I'll try again. Is the patch not working because the URI is encoded at the time the Digest response is calculated in the client, therefore it needs to remain encoded when calculating the Digest response in the server?
> Is the patch not working because the URI is encoded at the time the Digest > response is calculated in the client, therefore it needs to remain encoded > when calculating the Digest response in the server? Exactly. If you remove uri = part it have to work. But there is a related issue it's why I'm decoding req_path too. I think how to explain it: 1) Soup Server path is always already unescaped in the request message. 2) Soup URI from soup_message_get_uri (msg) is always unescaped too. 3) But soup_uri_new (uri); is always escaped by default. 1) and 2) could make server handling or forwarding messages for proxies for example. 3) It's okay but it's not always the same escaping/encoding with other clients and platforms.
> 3) But soup_uri_new (uri); is always escaped by default. soup_uri_new() always normalizes the given URI. So when the uri is /Foo/A%20B, once it is made into a SoupURI you'll get "/Foo/A B". So there is no need to decode req_path, I think.
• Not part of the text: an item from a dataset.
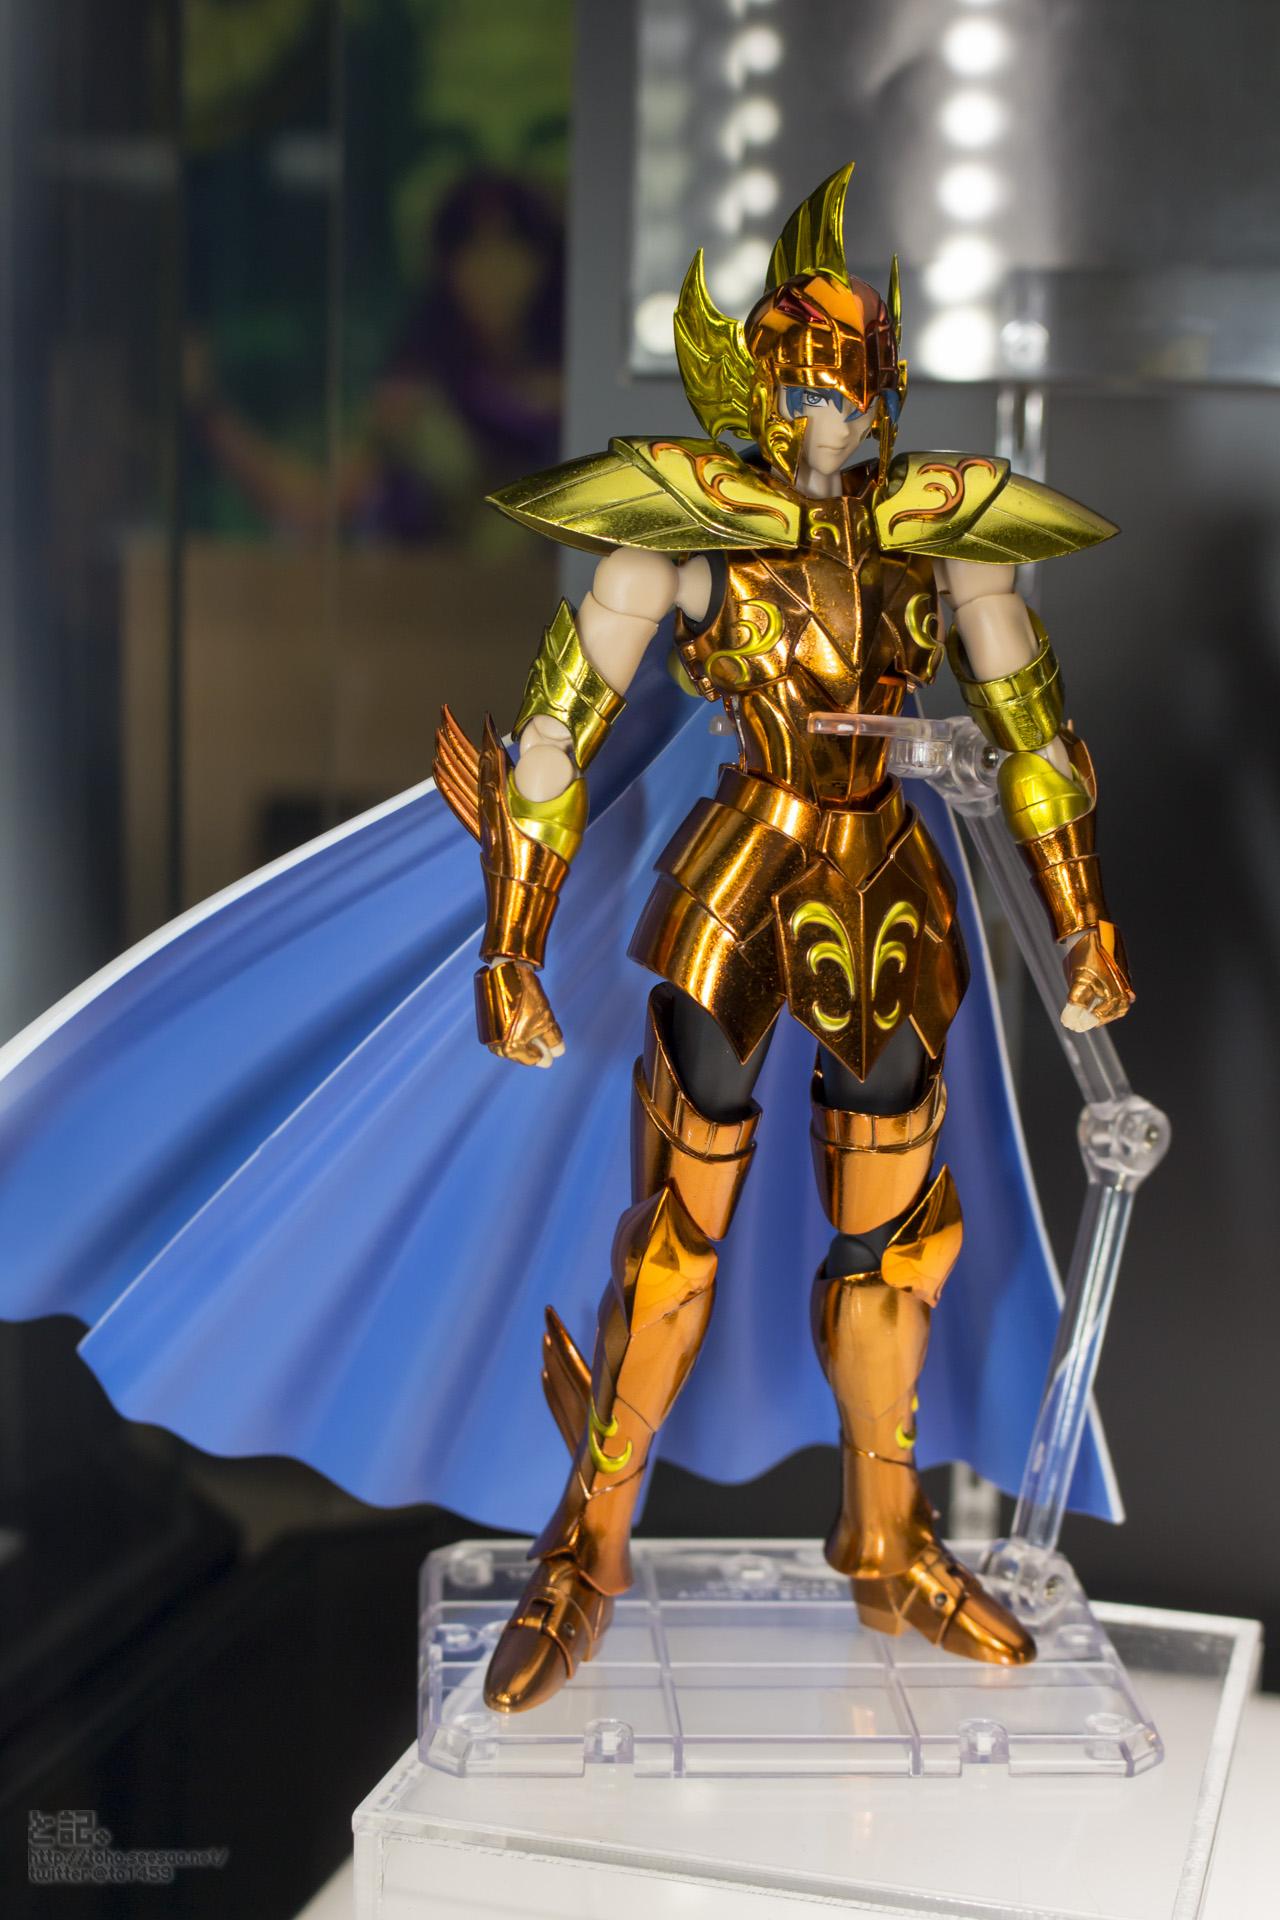 [Comentários] Saint Cloth Myth EX - Kanon de Dragão Marinho - Página 9 AA600isB

I don't know it needs more info. I just noticed to an example: /Foo/A | B/ - decoded uri /Foo/A%20|%20B/ - from soup_uri_new Firefox /Foo/A%20%7C%20B/ - from Chrome 3 different URIs for 1 thing /Foo/A | B/ And it's just one example
Created attachment 369689 [details] [review] SoupAuthDomainDigest: Fix authentication with encoded uris When the client is using absolute paths for Digest authentication, we need to make sure that the digest uri is not encoded before comparing it to the request uri, as some clients might provide them encoded. Also modify server-auth-test.c to make this problem reproducible and add a couple of test cases to make sure we don't regress.
I'm fairly confident that this solves the problem. If you only apply the changes to the test, you will see the failure you reported originally. I'd still like to get someone to review this, Dan, Michael, anyone?
Review of attachment 369689 [details] [review]: Looks sane to me. ::: tests/server-auth-test.c @@ +176,3 @@ + /* 5. Digest auth with a mixture of encoded and decoded URI. See #794208. + */ + do_test (base_uri, "/Digest/A%20|%20B", I guess the | is a character that would normally be encoded? But that's a normal ASCII character... I would also try with a Unicode-only character like ௹.
I added another test case with the character Michael mentioned above and pushed.
Review of attachment 369677 [details] [review]: Thanks for your help with this bug, please let us know if there are still issues.